Yes It is SS12. I add volatile keyword and problem disappears. The code
difference is following:
< PLy_spi_execute+0x742: 83 ec 0c subl $0xc,%esp
< PLy_spi_execute+0x745: ff b5 b8 f9 ff ff pushl 0xfffff9b8(%ebp)

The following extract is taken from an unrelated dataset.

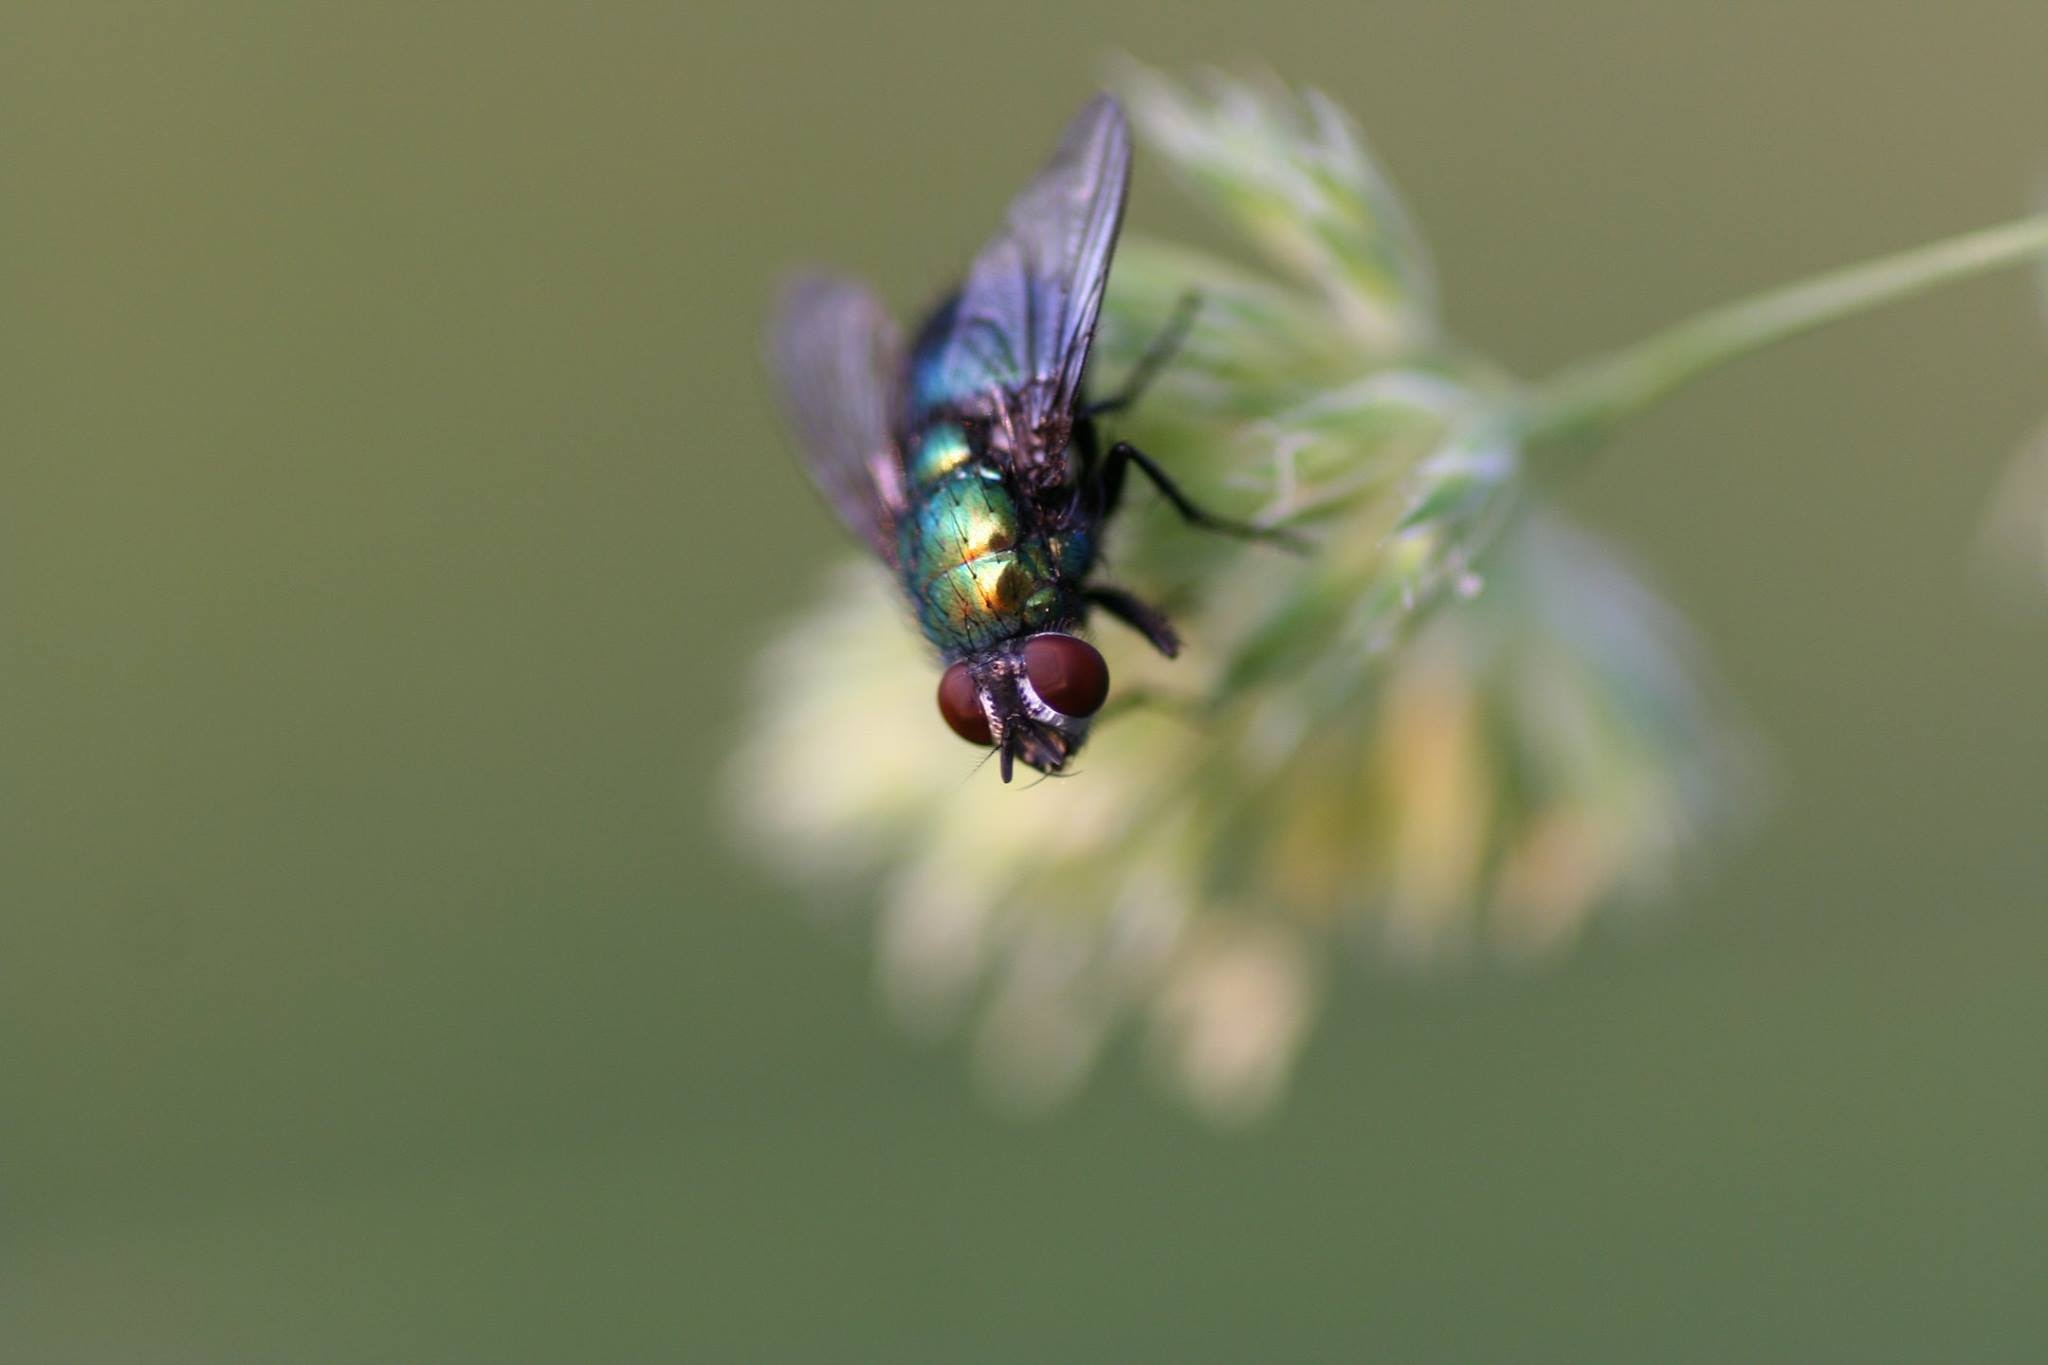 bottle fly on green flower in closeup photography

< PLy_spi_execute+0x74b: e8 fc ff ff ff call MemoryContextSwitch
PLy_spi_execute+0x742: 8b 85 cc f9 ff ff movl
0xfffff9cc(%ebp),%eax
PLy_spi_execute+0x748: 83 ec 0c subl $0xc,%esp
PLy_spi_execute+0x74b: 50 pushl %eax
PLy_spi_execute+0x74c: e8 fc ff ff ff call MemoryContextSwitch
Good to mention that SS inline PLy_spi_execute_query inside
PLy_spi_execute(), because it is only one caller.
Zdenek
Zdenek Kotala <Zdenek.Kotala@Sun.COM> writes:
Dne 17.02.10 18:39, Peter Eisentraut napsal(a):
FWIW, this is a Sun Studio build that is complaining here.
Yes It is SS12. I add volatile keyword and problem disappears.
OK, I've applied that change in CVS. Please change codlin_moth back to
the higher optimization setting.
regards, tom lane